Is there a strategic risk involved in this series of operations? Absolutely. Nothing in war is risk-free. We have chosen to accept and manage this risk, primarily because a low-risk option simply will not get us the operational effects that the strategic situation demands. We have to play the hand we have been dealt as intelligently as possible, so we're doing what has to be done. It still might not work, but 'it is what it is' at this point.

So much for theory. The practice, as always, has been mixed. Personally, I think we are doing reasonably well and casualties have been lower so far than I feared. Every single loss is a tragedy. But so far, thank God, the loss rate has not been too terrible: casualties are up in absolute terms, but down as a proportion of troops deployed (in the fourth quarter of 2006 we had about 100,000 troops in country and casualties averaged 90 deaths a month; now we have almost 160,000 troops in country but deaths are under 120 per month, much less than a proportionate increase, which would have been around 150 a month). And last year we patrolled rarely, mainly in vehicles, and got hit almost every time we went out. Now we patrol all the time, on foot, by day and night with Iraqi units normally present as partners, and the chances of getting hit are much lower on each patrol. We are finally coming out of the 'defensive crouch' with which we used to approach the environment, and it is starting to pay off.

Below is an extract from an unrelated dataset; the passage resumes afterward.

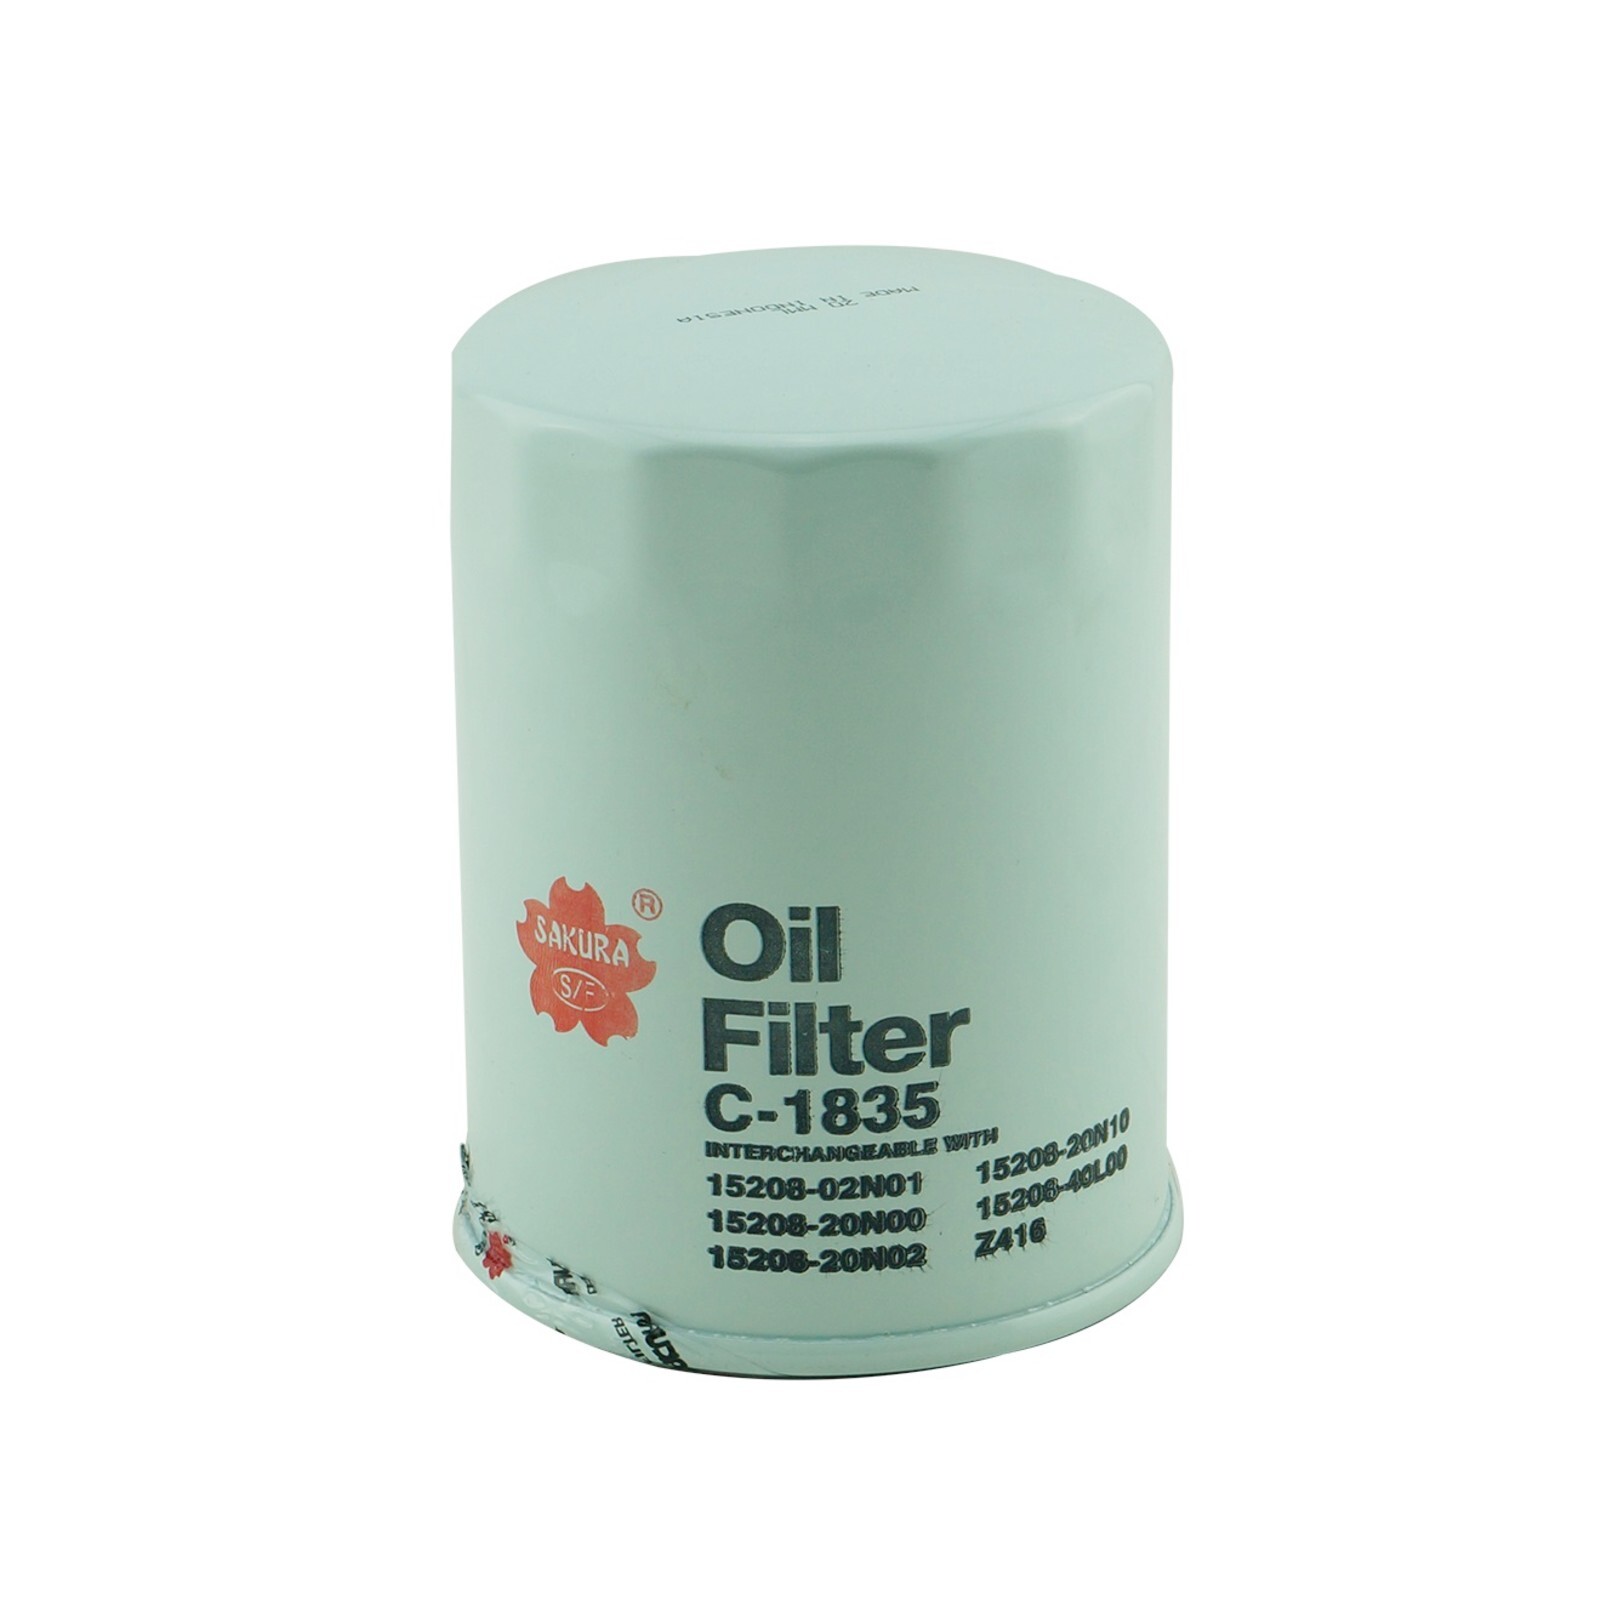 C-1835 Sakura Oil Filter - Fits Nissan + Many More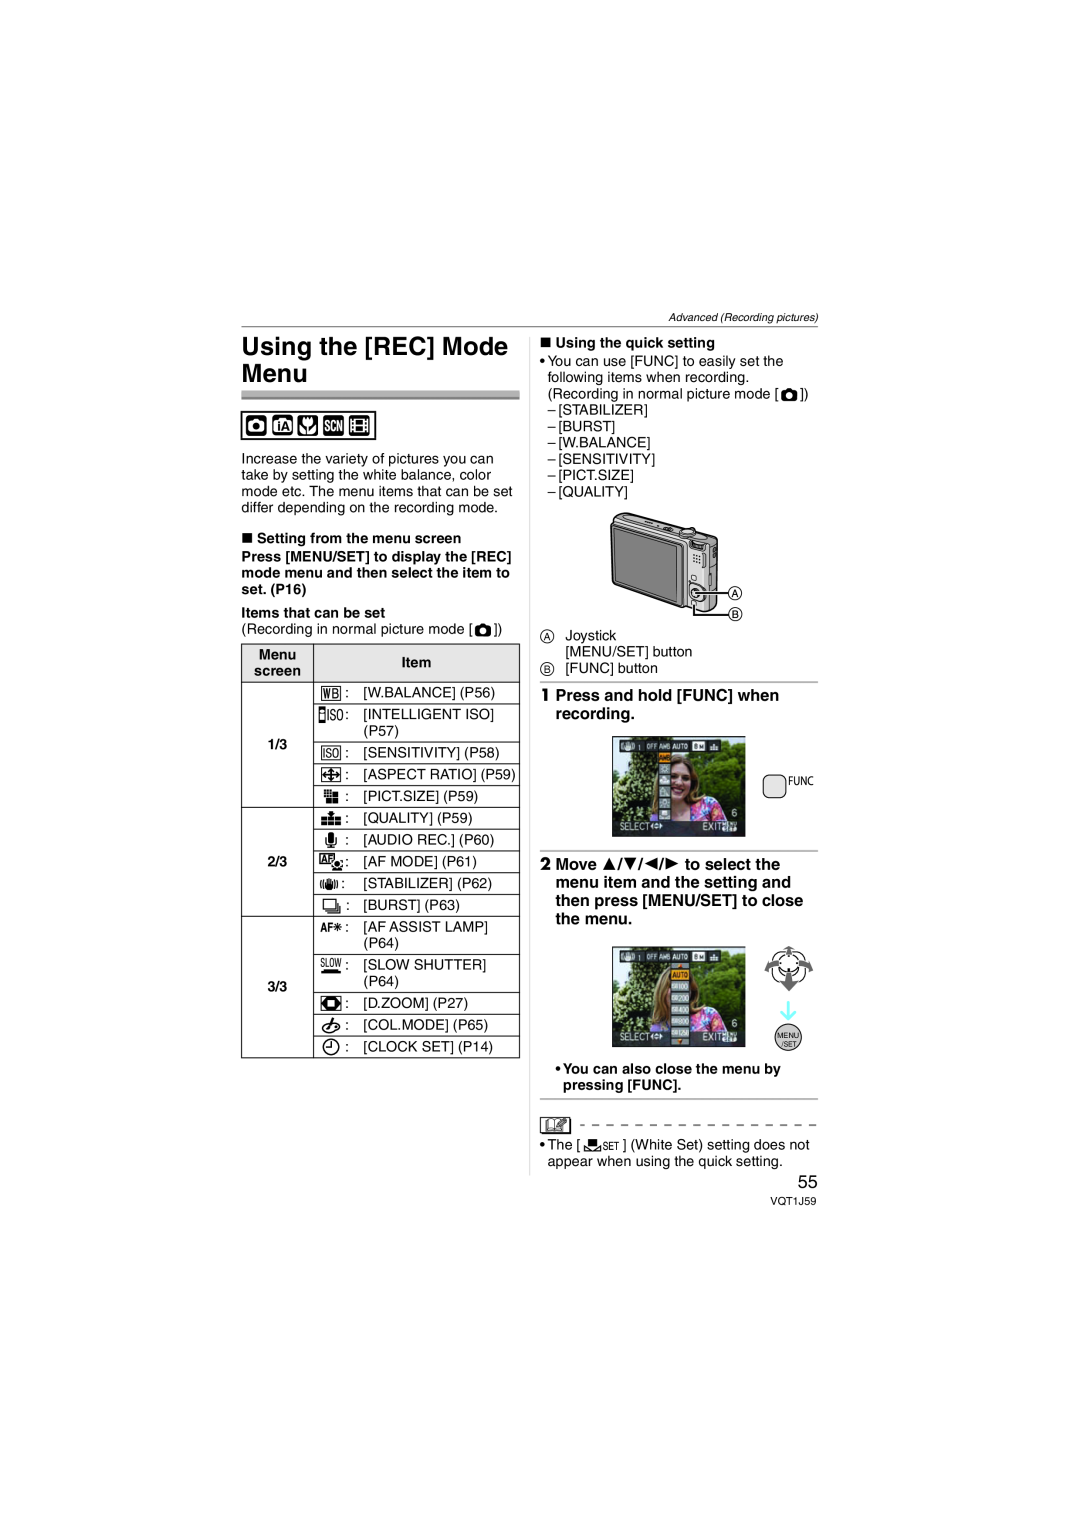 Panasonic DMC-FX55 Using the REC Mode Menu, Press and hold FUNC when recording, ∫ Setting from the menu screen

It will be a long, hard summer, with much pain and loss to come, and things could still go either way. But the population-centric approach is the beginning of a process that aims to put the overall campaign onto a sustainable long-term footing. The politics of the matter then can be decisive, provided the Iraqis use the time we have bought for them to reach the essential accommodation. The Embassy and MNF-I continue to work on these issues at the highest levels but fundamentally, this is something that only Iraqis can resolve: our role is to provide an environment in which it becomes possible.

All this may change. These are long-term operations: the enemy will adapt and we'll have to adjust what we're doing over time. Baq’ubah, Arab Jabour and the western operations are progressing well, and additional security measures in place in Baghdad have successfully tamped down some of the spill-over of violence from other places. The relatively muted response (so far) to the second Samarra bombing is evidence of this. Time will tell, though....

Once again, none of this is intended to tell you 'what to think' or 'whether it’s working'. We’re all professional adults, and you can work that out for yourself. But this does, I hope, explain some of the thinking behind what we are doing, and it may therefore make it easier for people to come to their own judgment.

David Kilcullen is Senior Counterinsurgency Adviser, Multi-National Force—Iraq. These are his personal views only."

Thanks, David, for some powerfully thoughtful reflections and commitments in our effots in Iraq. I count myself among those who are behind you.